PROMPT.
Return only the stretch of the material below that begins with the line containing "Vintage Wooden Spice Cabinet" and ends with the line containing "estrella-dippmix-onion-storpack-36049-2", exactly; both of those lines belong to it.

GIVEN RECORDS.
○ ○ ○ ○

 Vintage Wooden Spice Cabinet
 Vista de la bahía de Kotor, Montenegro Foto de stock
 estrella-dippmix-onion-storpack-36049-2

○ ○ ○ ○

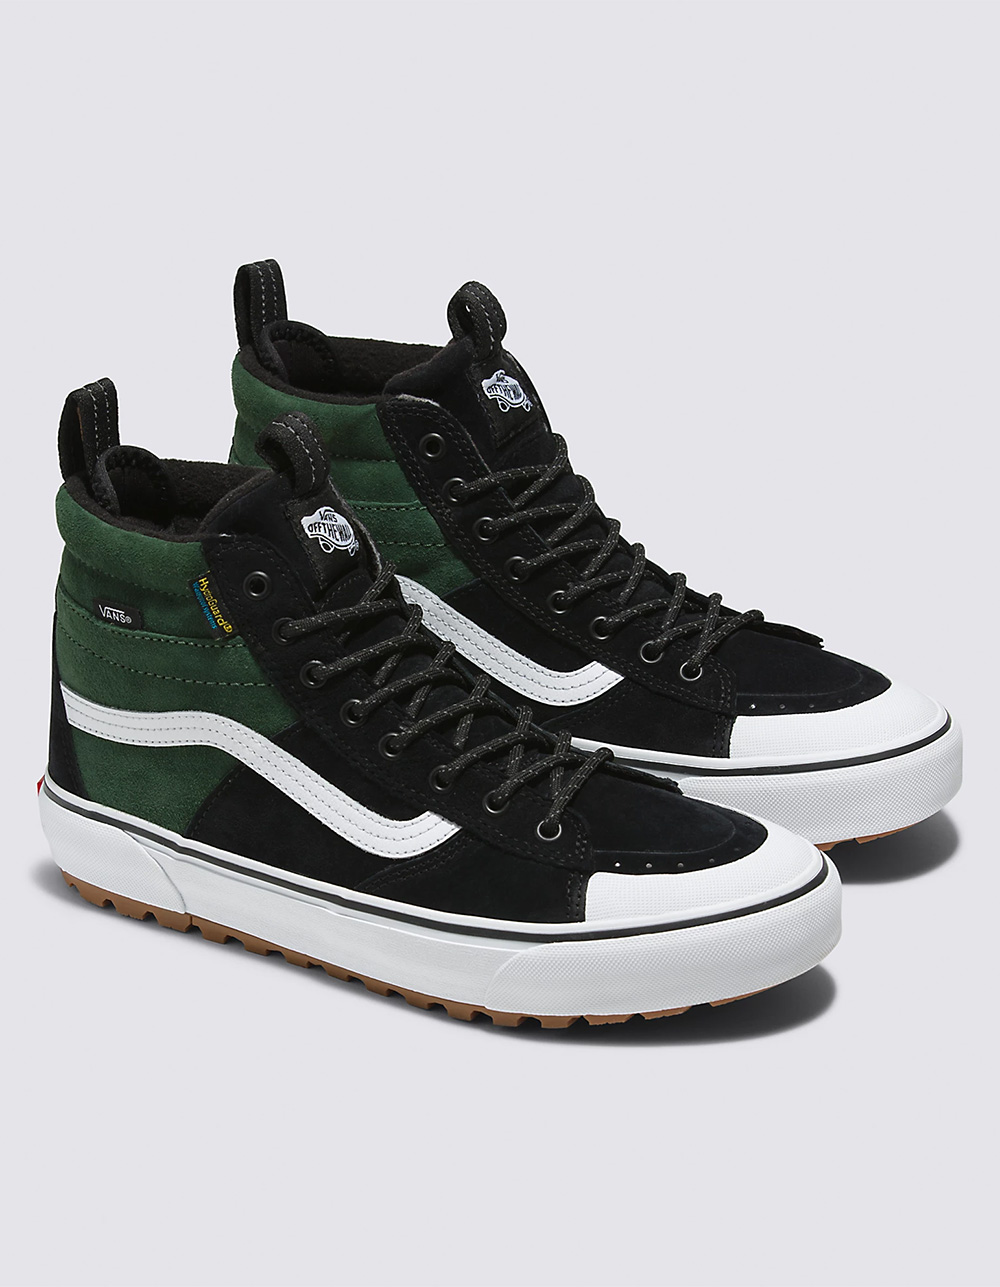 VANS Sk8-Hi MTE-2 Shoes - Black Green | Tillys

○ ○ ○ ○

YOUR RESPONSE.
 Vintage Wooden Spice Cabinet
 Vista de la bahía de Kotor, Montenegro Foto de stock
 estrella-dippmix-onion-storpack-36049-2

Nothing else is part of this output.